_Task instructions:_ Word for word and without images, reproduce the listing that follows.

_Given material:_
※

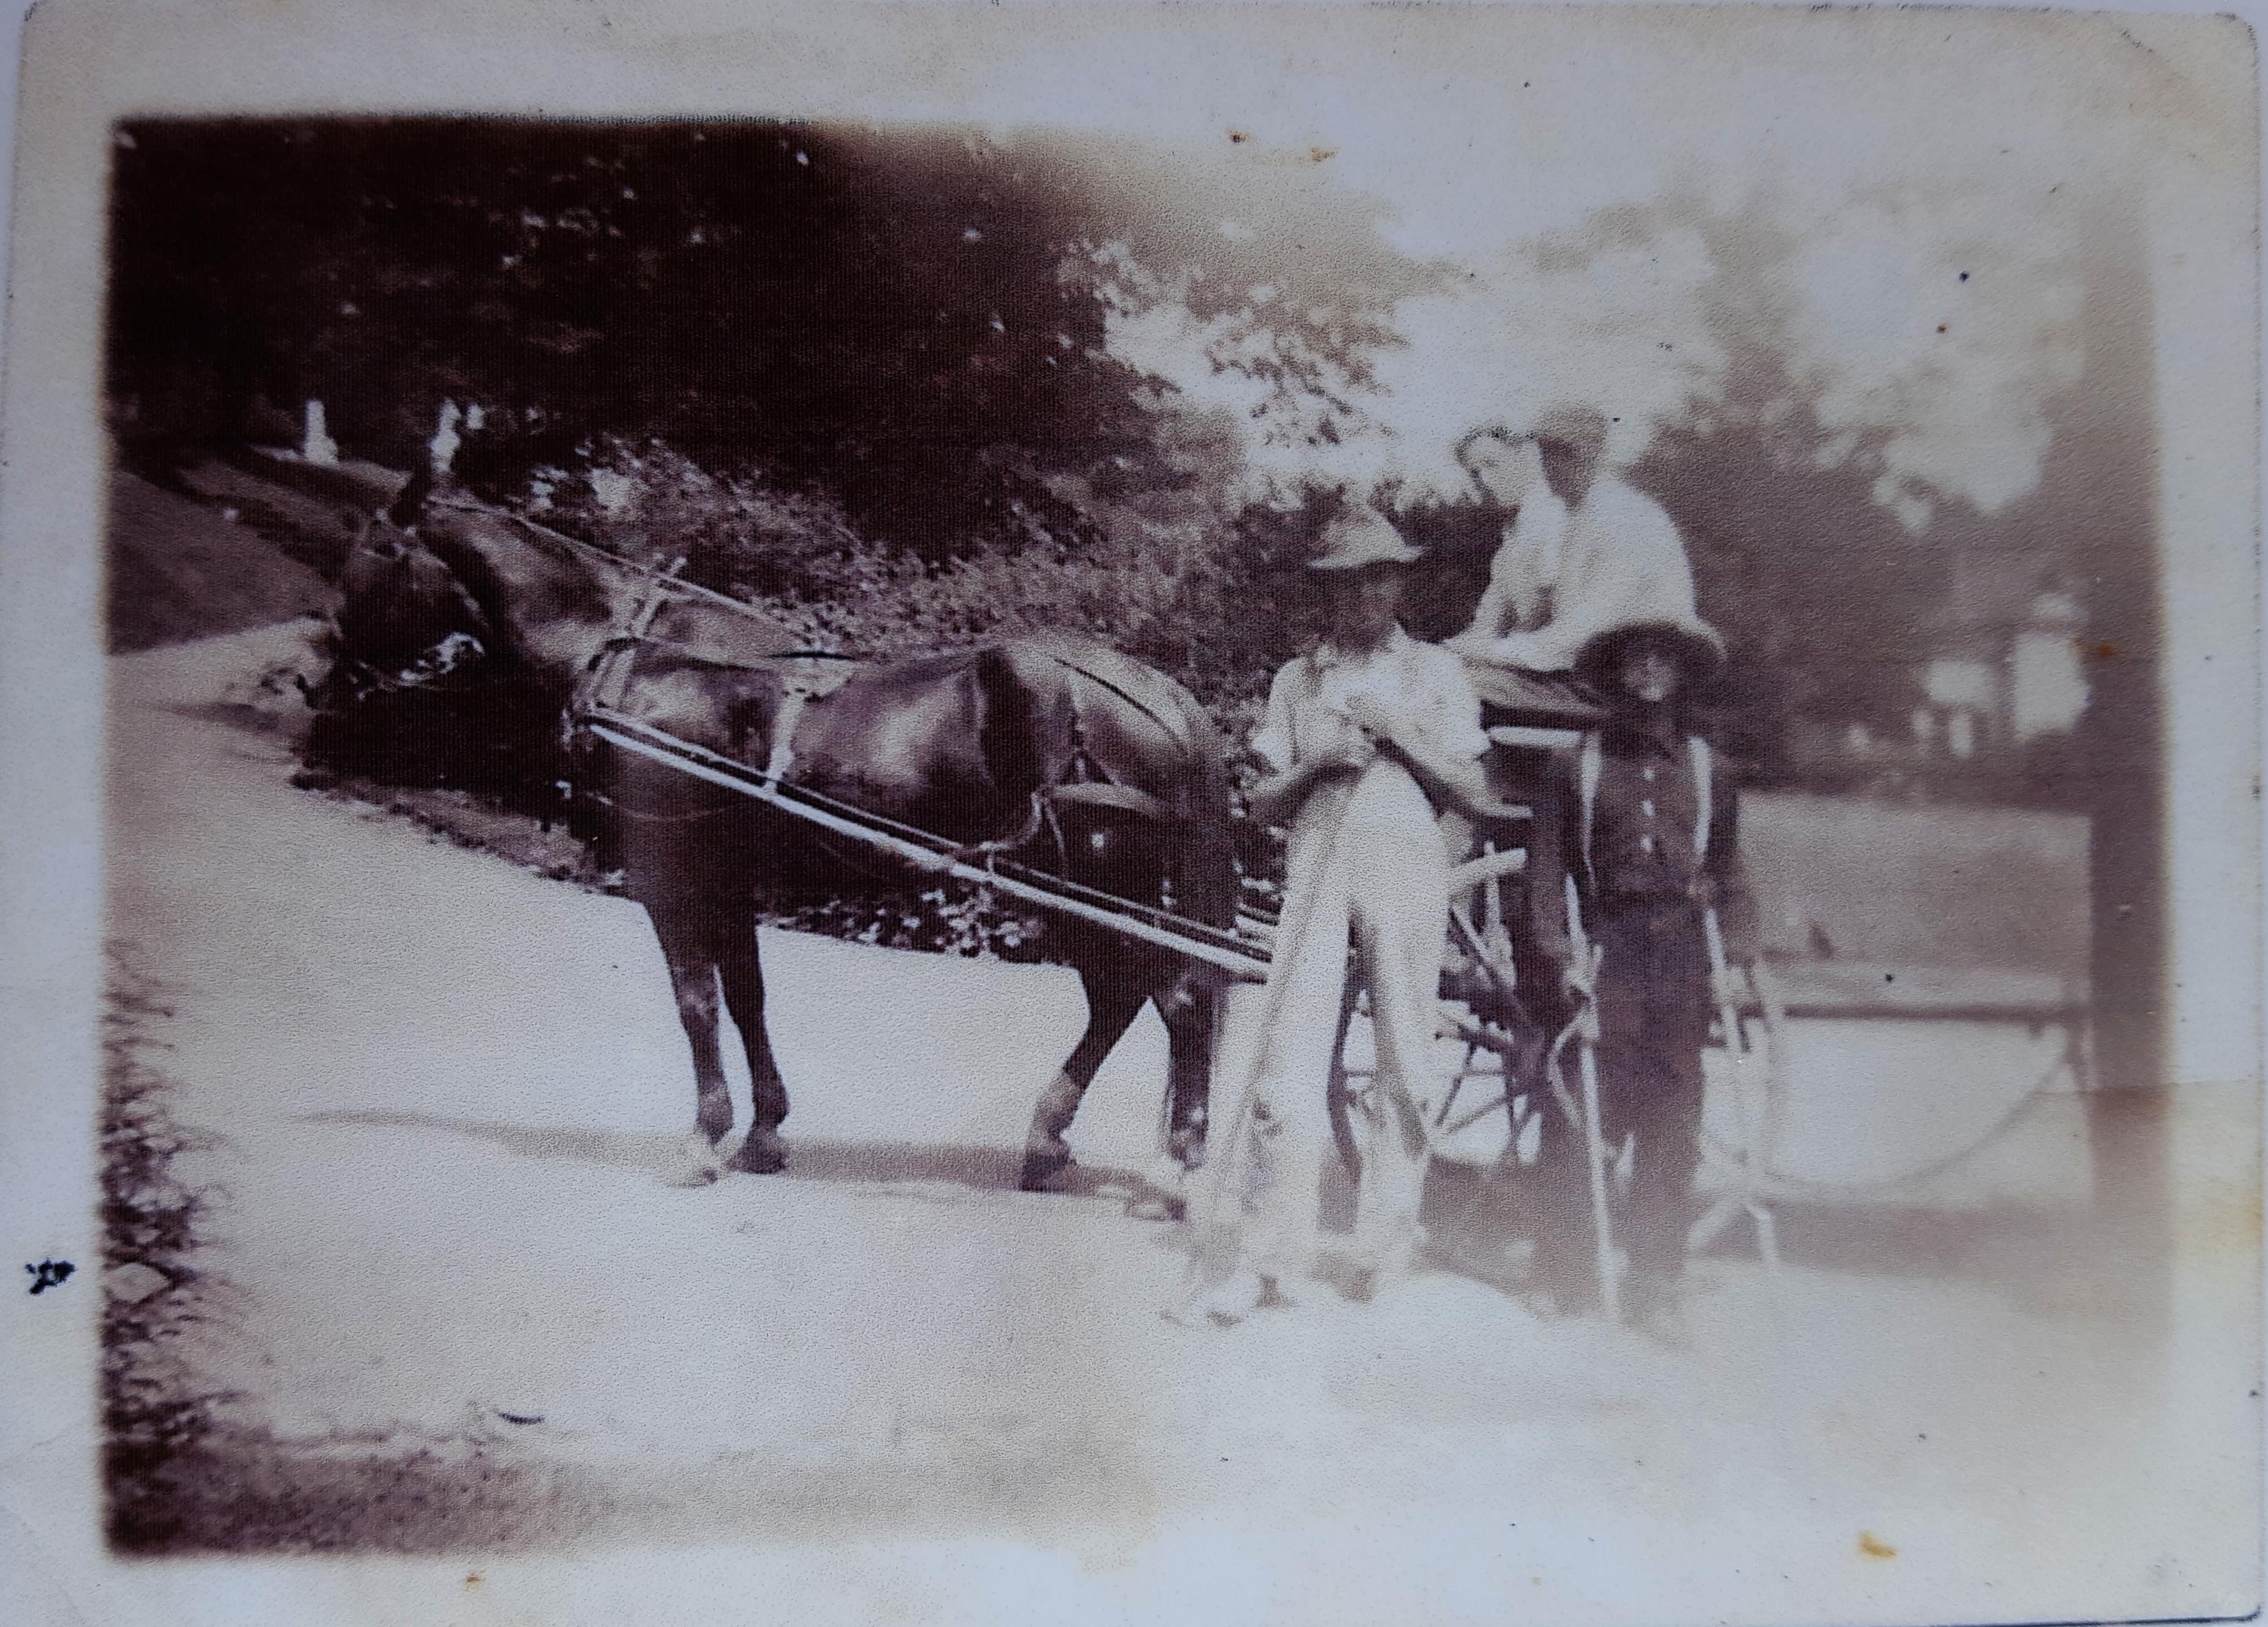 Horse-powered burial crew (circa 1920)
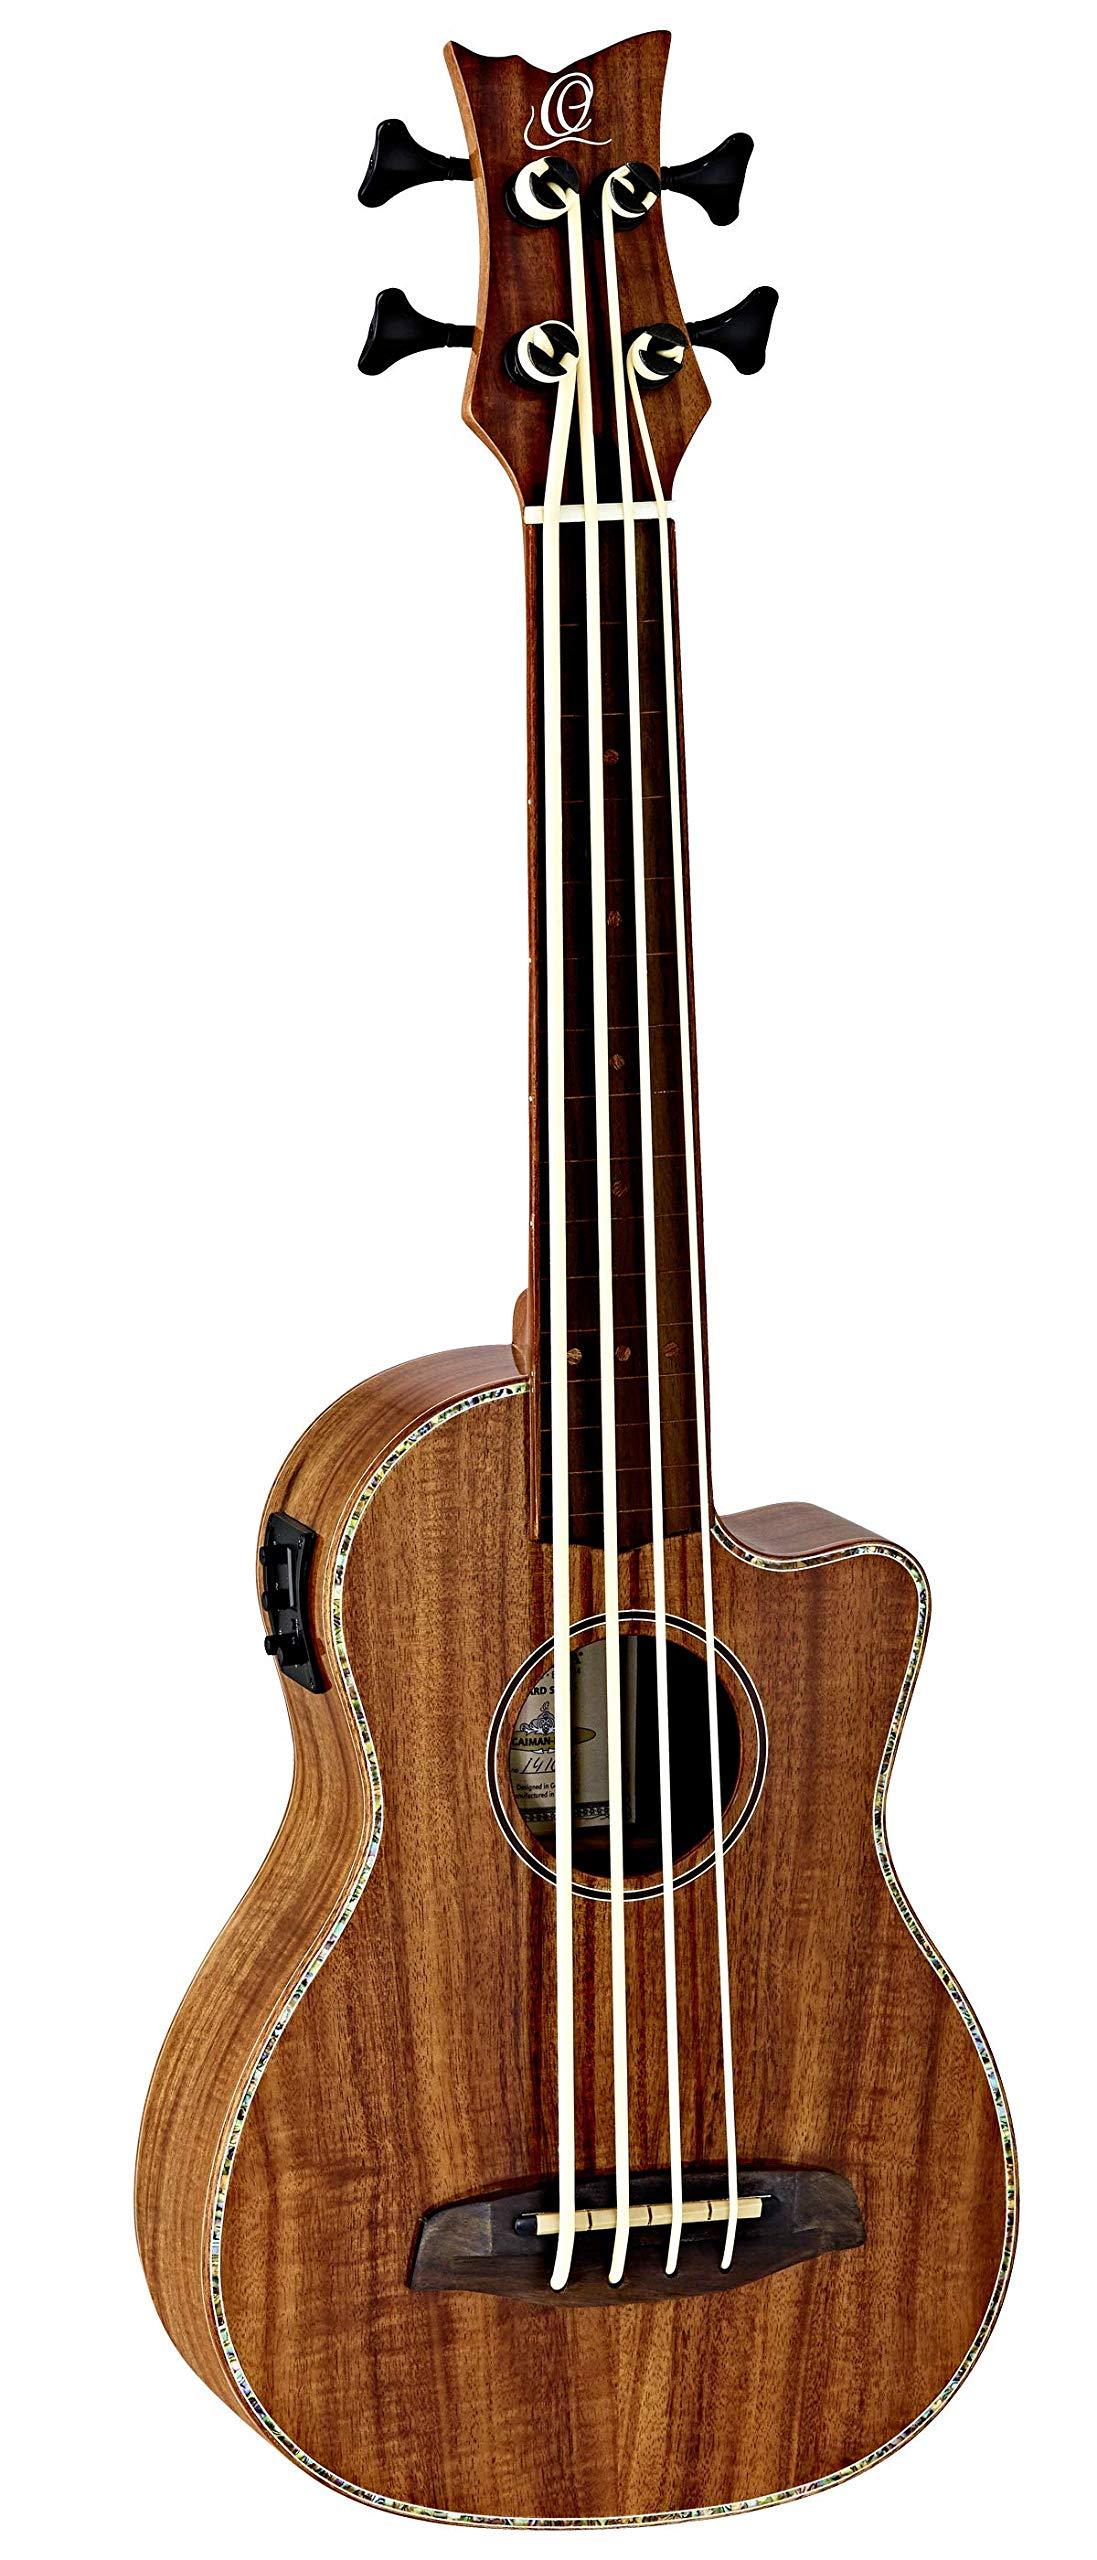 Ortega Guitars 4 String Caiman-FL-GB Lizard Series Fretless Uke-Bass Acacia Top & Body, Cutaway & Built-in Pickup, Includes Gig Bag
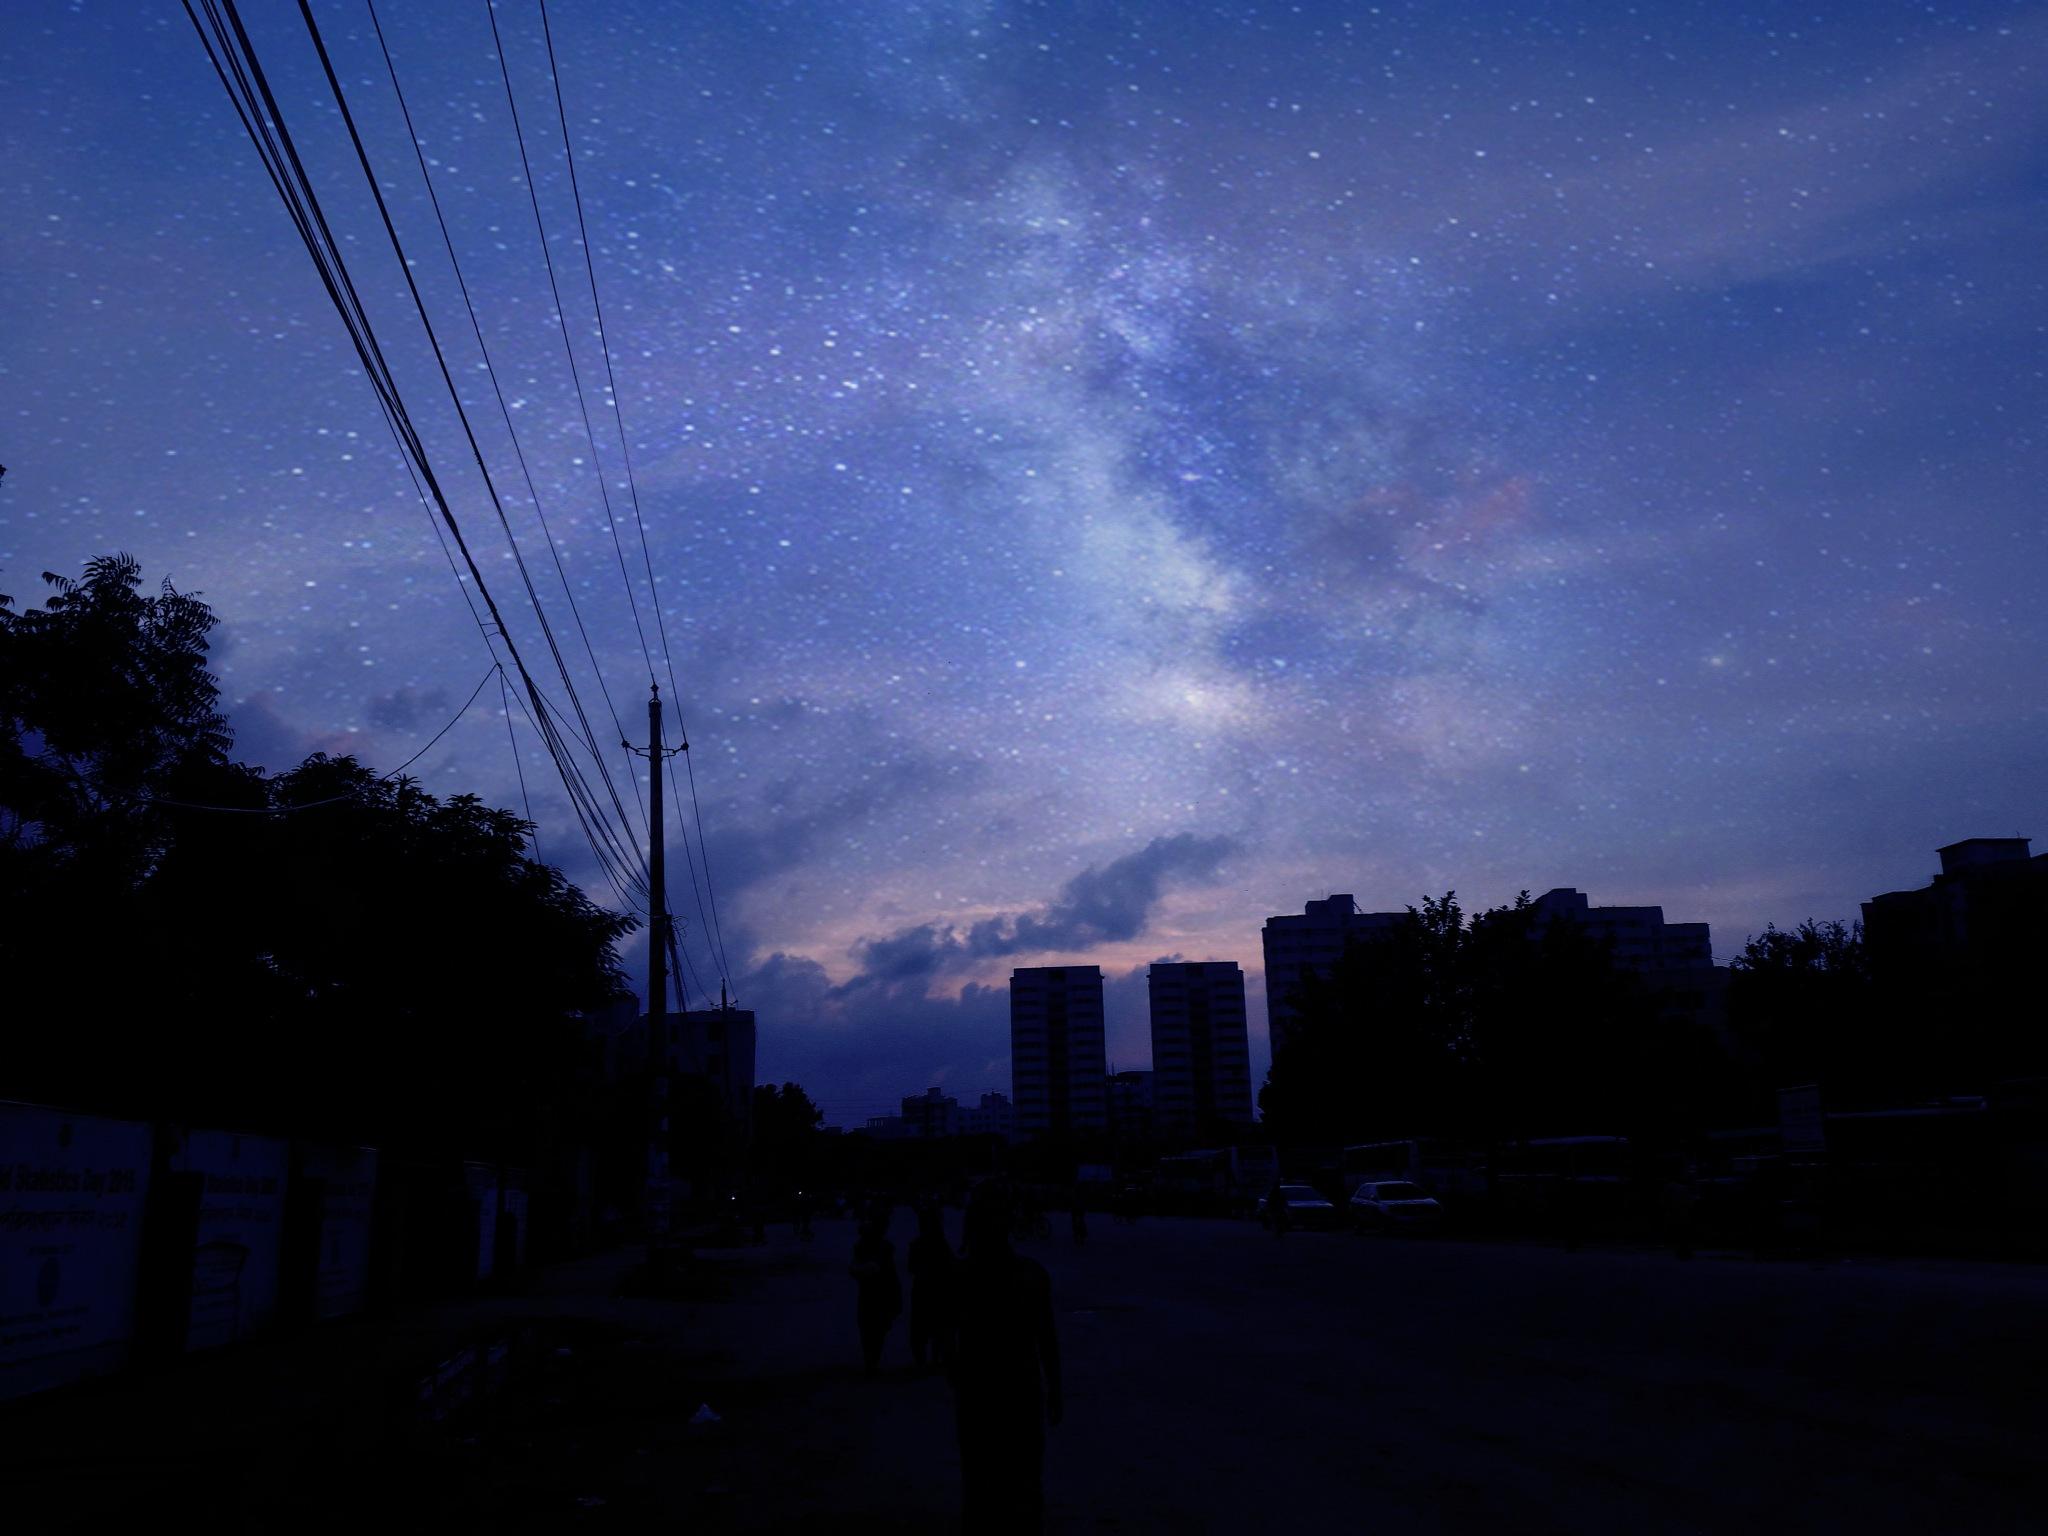 Milkway in city night by Md. Ashraful Islam

※

_Exercise result:_
 Horse-powered burial crew (circa 1920)
 Ortega Guitars 4 String Caiman-FL-GB Lizard Series Fretless Uke-Bass Acacia Top & Body, Cutaway & Built-in Pickup, Includes Gig Bag
 Milkway in city night by Md. Ashraful Islam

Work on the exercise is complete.